Sunday, December 6, 2009

Me & My Daddy Issues


I find it somewhat ironic that i'm writing this on the day following my Dad's birthday...but let me even clarify that statement, when i say "dad" i'm referring to the person my mom married who raised me from the time i was 9.

This post is prompted from me reading about Molefi K Asante Jr, son of Molefi K Asante, basic founder of Afrocentricity. I was reading about how at 25, he is a great filmmaker, author and proffesor. He went to college in London, and has been able to work with all these classic African-American icons. The fact of the matter is, he was able to do all this in large part because of who his father is. This is the type of life my brother and sister will have. My brother and sister who are raised by my father, the person physically responsible for my existence. He and my mother split when i was two, so i missed all the influential years. My father is completely self made, raised in one of Philly's roughest sections, he now lives in the DMV suburbs, in a house that was built specifically for him & his family and drives a cayenne. He's a professor, does business consulting and has his own private equity firm. I am more proud of all that he's accomplished, than i think he could ever realize, but the fact is, he will be able to provide a life for my brother and sister that is financially far beyond anything that would have been possible for me to experience growing up. These are the connections that seperate those with dreams, from those with possibilities. My brother and sister have the world as their oyster and are able to have daily conversations with individuals the world over who affect whole groups of people. this is what they were born into. I was born in a hospital in west Philly that doesn't even exist anymore. My mom and dad clearly provided everything they could for me, but there are basic economics. I got accepted to NYU, but went to Temple, of course it's a great school, i loved my college experience, but it's not NYU.

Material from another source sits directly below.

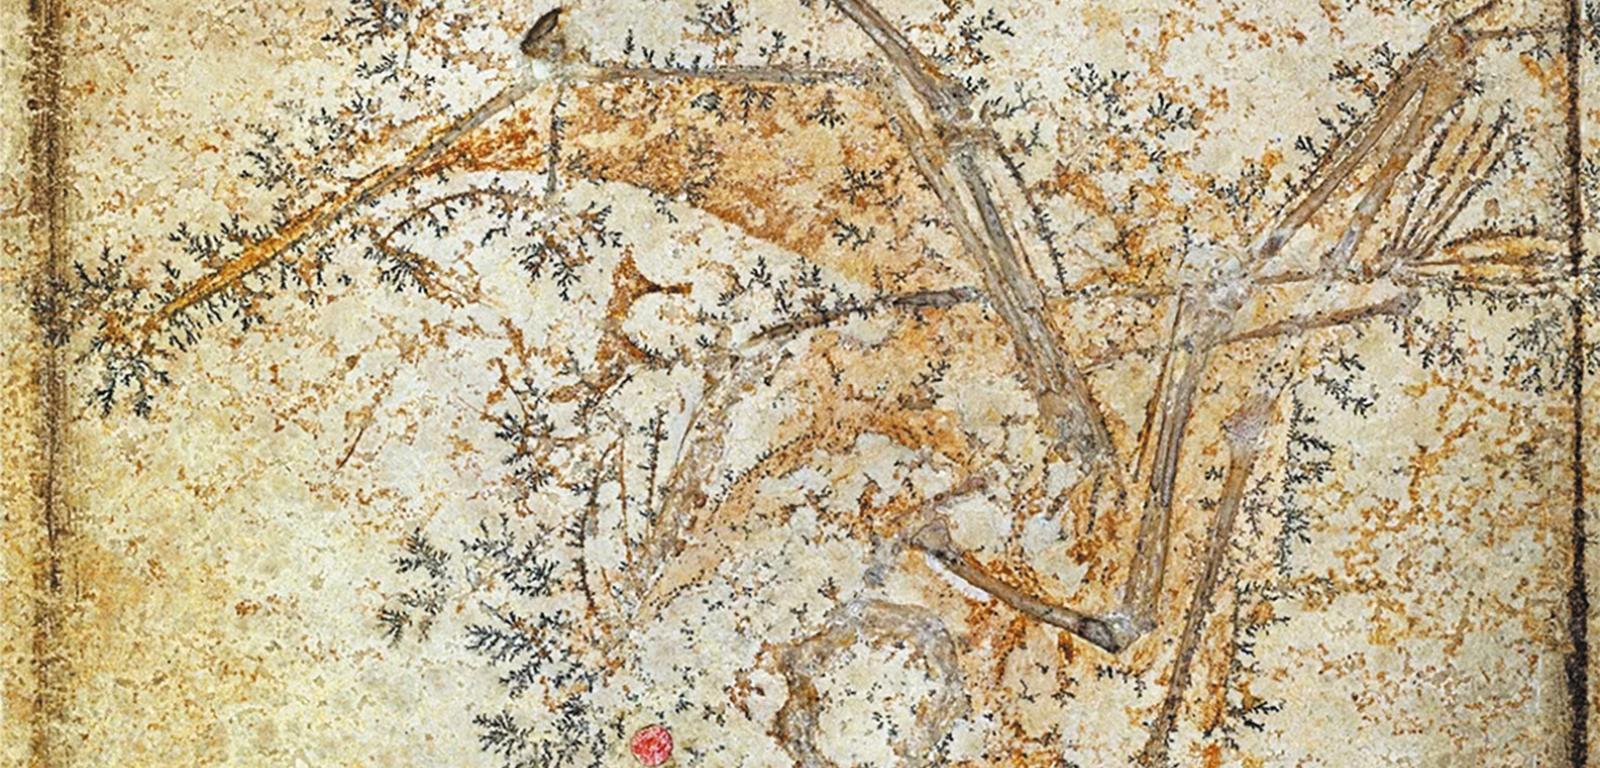 Skamieniały szkielet pterozaura z widocznymi miękkimi częściami ciała.

I guess i just feel like i'm missing something. I have dreams of changing the world, and clearly if my father can do it on his own, i can to. But it hurts me to my core to know that i'll have to, when my brother and sister won't. It's the epitomy of that saying "so close, yet so far" and i don't know how to handle that, what i'm supposed to do with it, if anything. I'm tired of saying to myself that i'm going to be successful, despite certain people. I want to be successful because someone saw something in me that said i was worth helping, i guess because that's how i look at people, and everyone is worth helping if you are able.

2 comments:

  1. please don't get me started on daddy issues, please! i have 2pm appointment with my psychologist today just because of that! what is wrong with these men who don't realize how f*ucked up they can leave their children when they don't actively and productively participate in ALL of their lives?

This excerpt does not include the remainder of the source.